Look below for the line that contains "Nike - Nike Tanjun Chukka Mens Style" and the line that contains "Women V Neck", then restate both of them and every line in between, exactly. No picture goes in the copy.

===== INFORMATION GIVEN

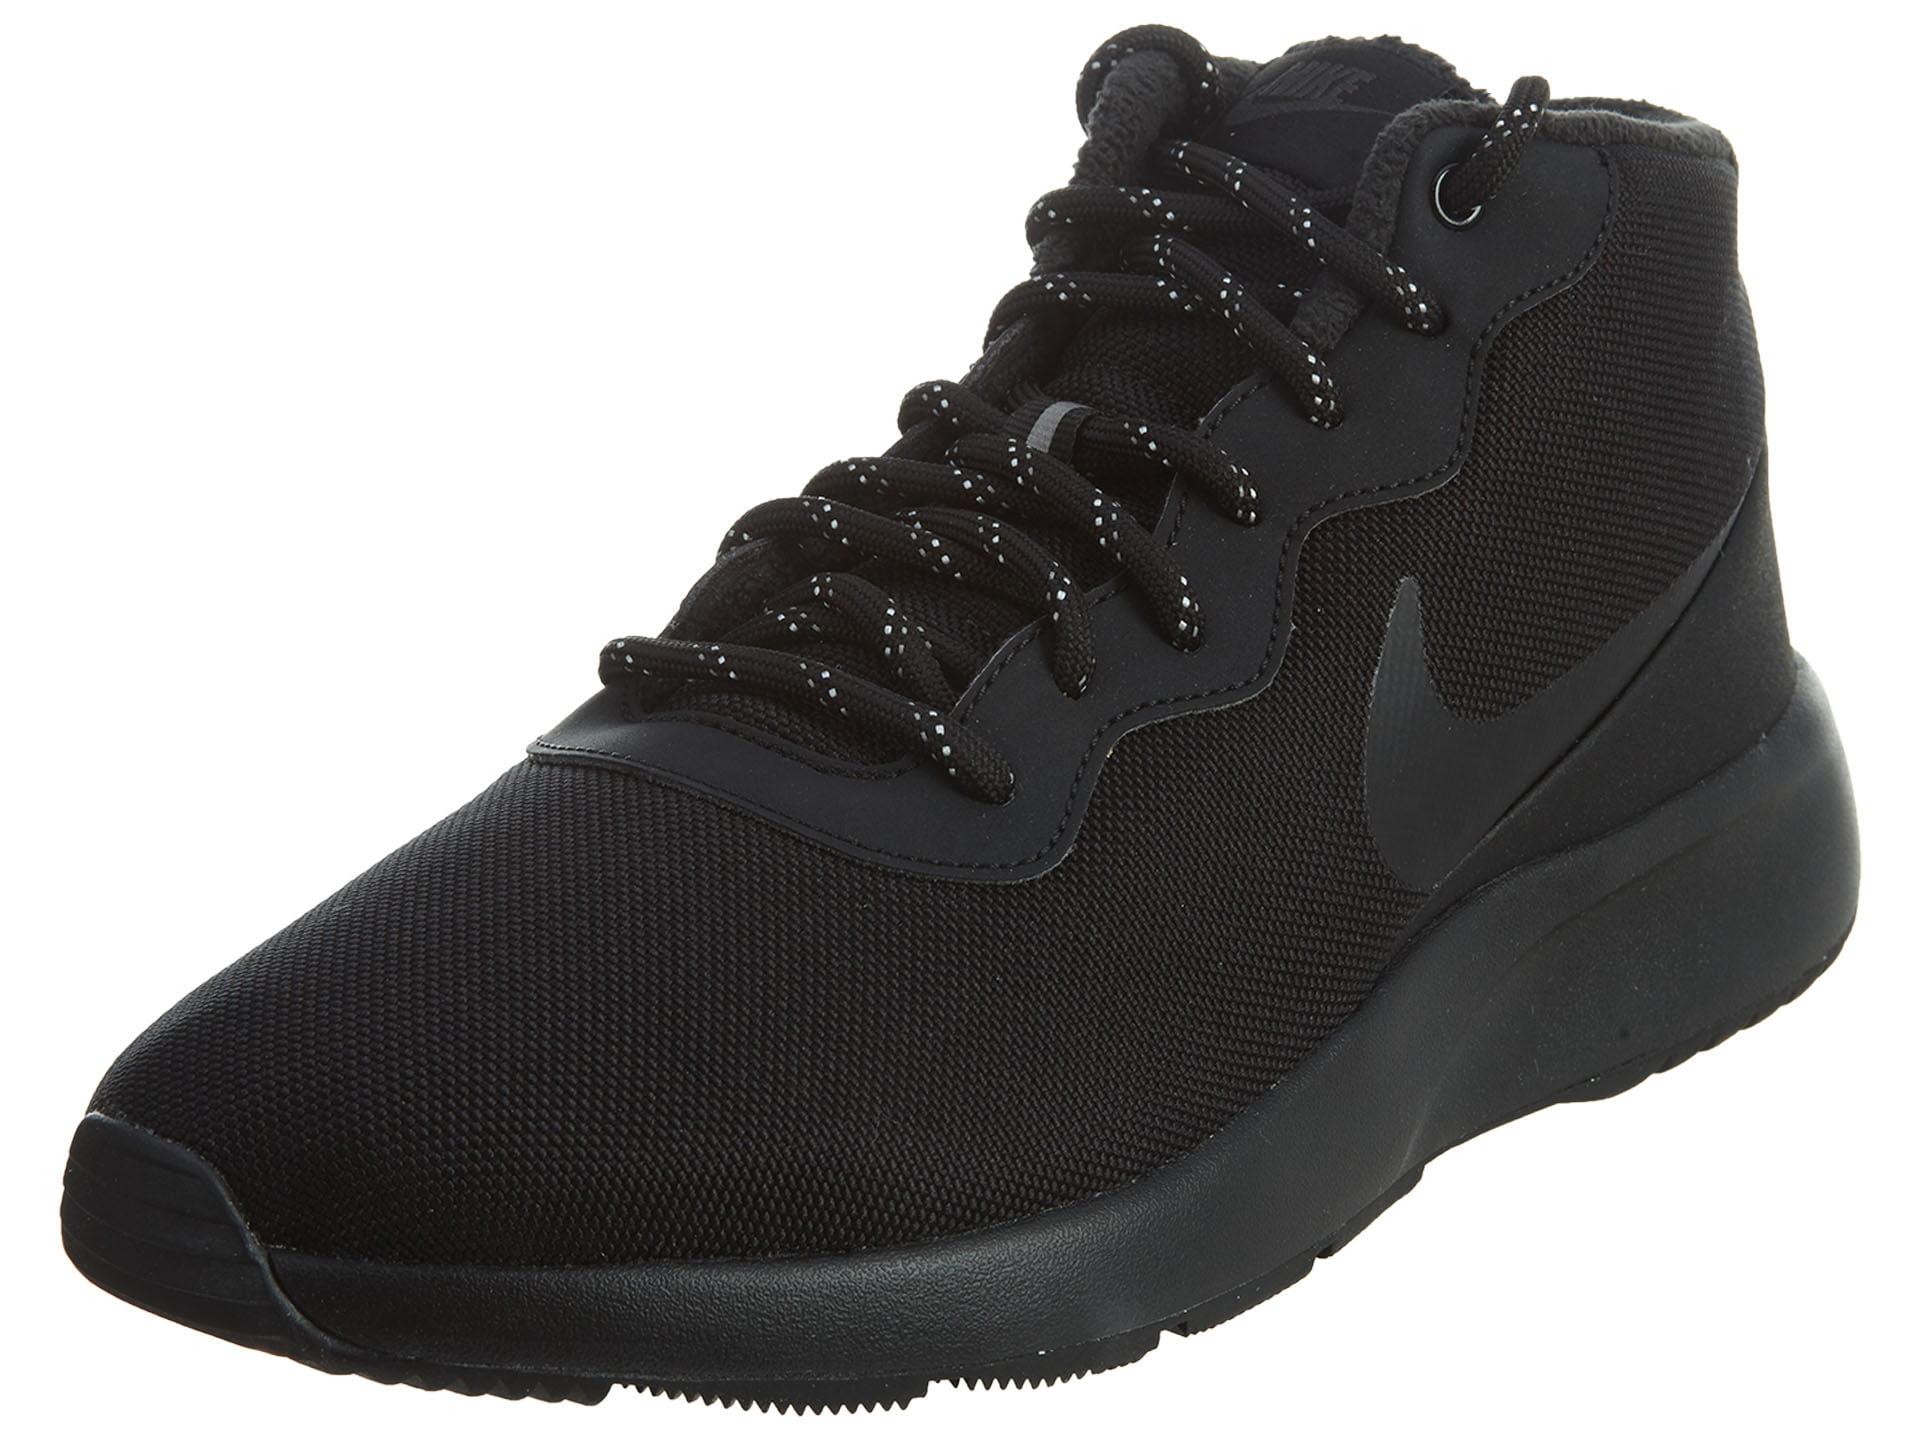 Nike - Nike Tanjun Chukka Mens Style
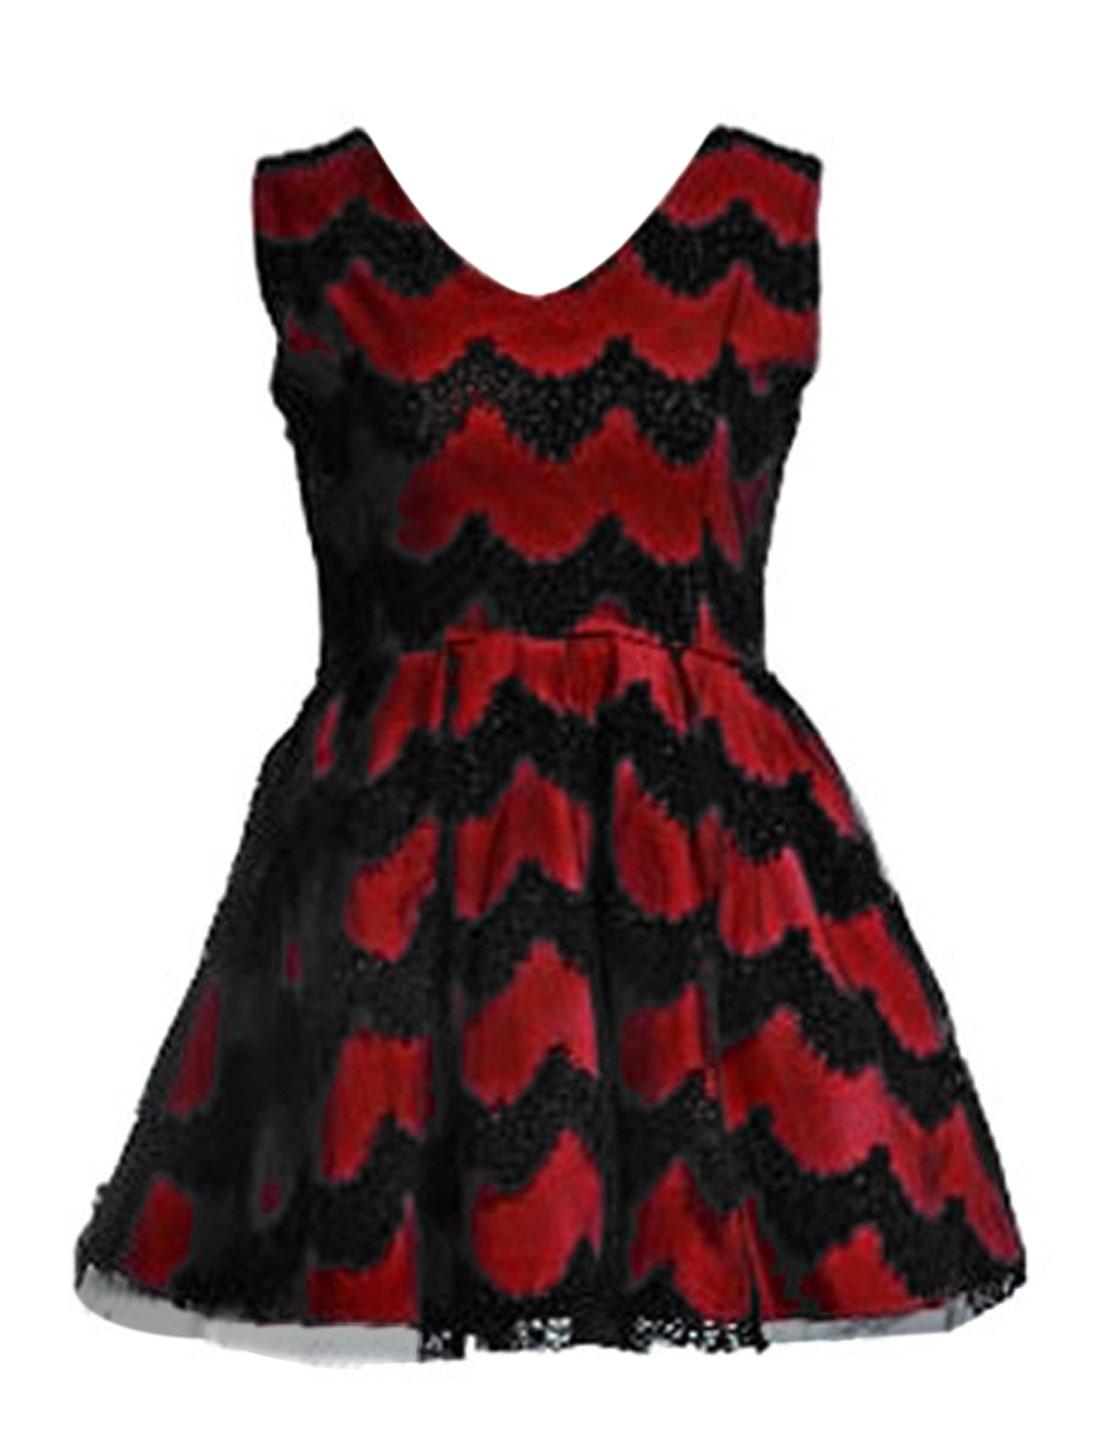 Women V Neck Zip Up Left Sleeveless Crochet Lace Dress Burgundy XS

==========
===== INFORMATION GIVEN

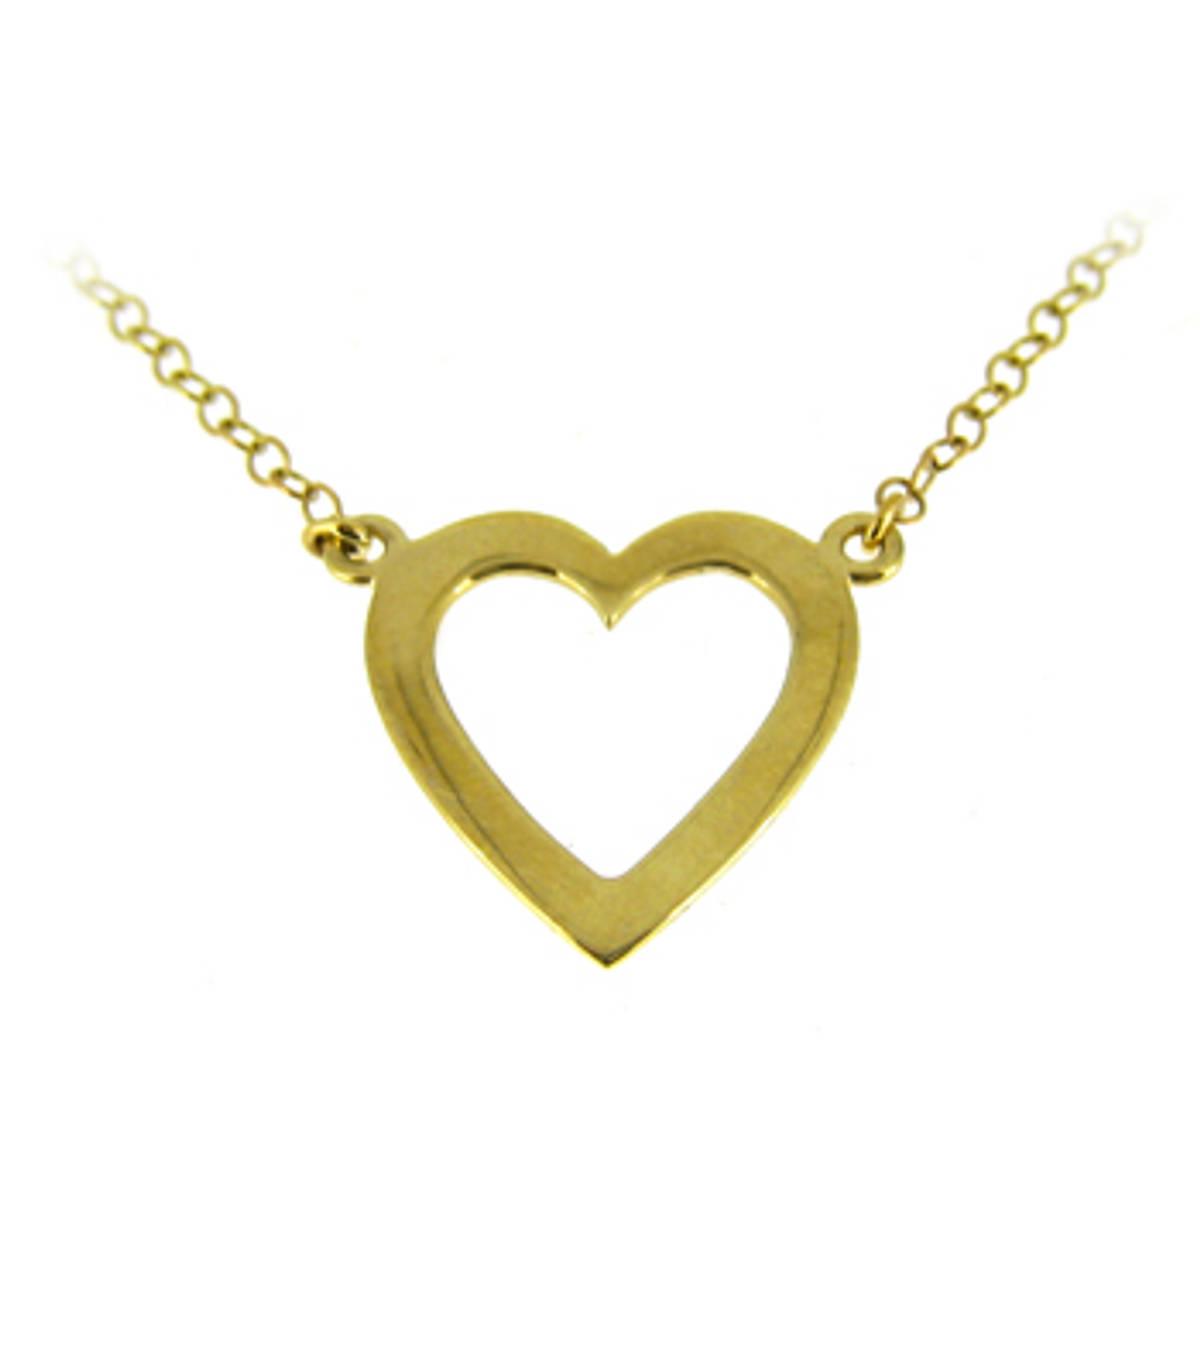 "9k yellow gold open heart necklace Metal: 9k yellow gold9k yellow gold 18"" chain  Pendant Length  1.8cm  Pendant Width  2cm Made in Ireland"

==========
===== INFORMATION GIVEN

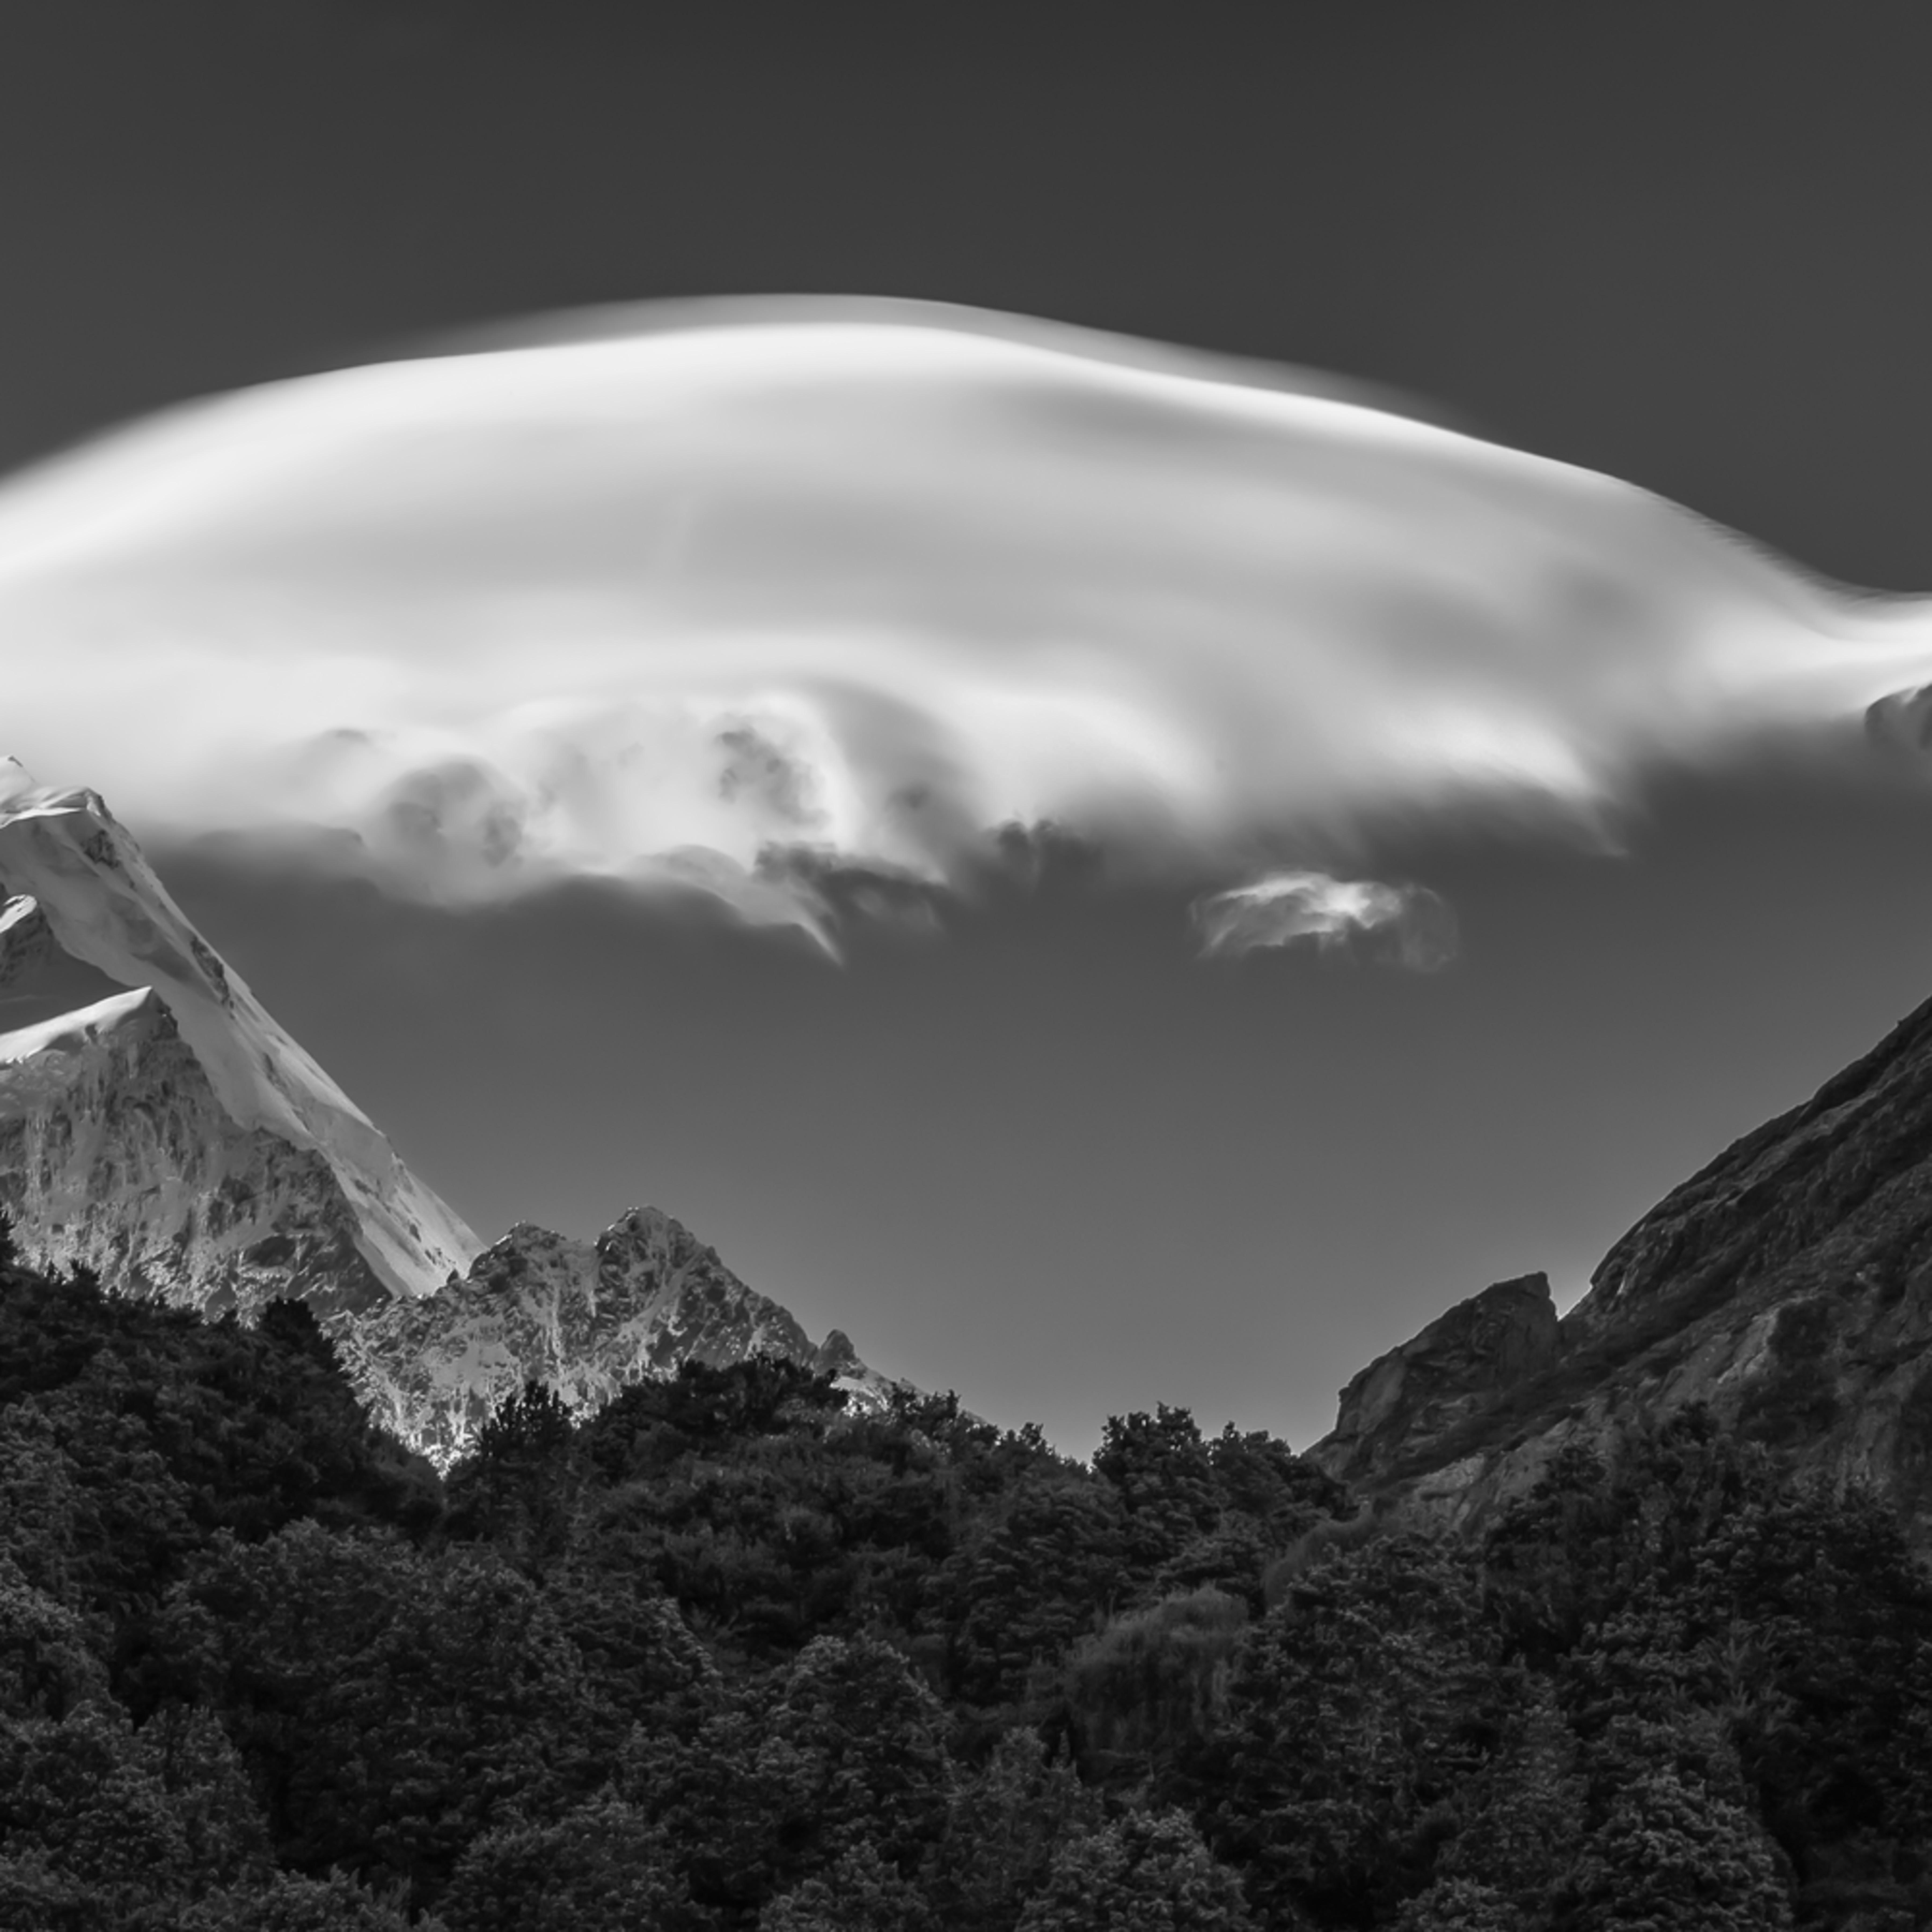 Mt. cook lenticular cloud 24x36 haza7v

==========

TASK ANSWER:
 Nike - Nike Tanjun Chukka Mens Style
 Women V Neck Zip Up Left Sleeveless Crochet Lace Dress Burgundy XS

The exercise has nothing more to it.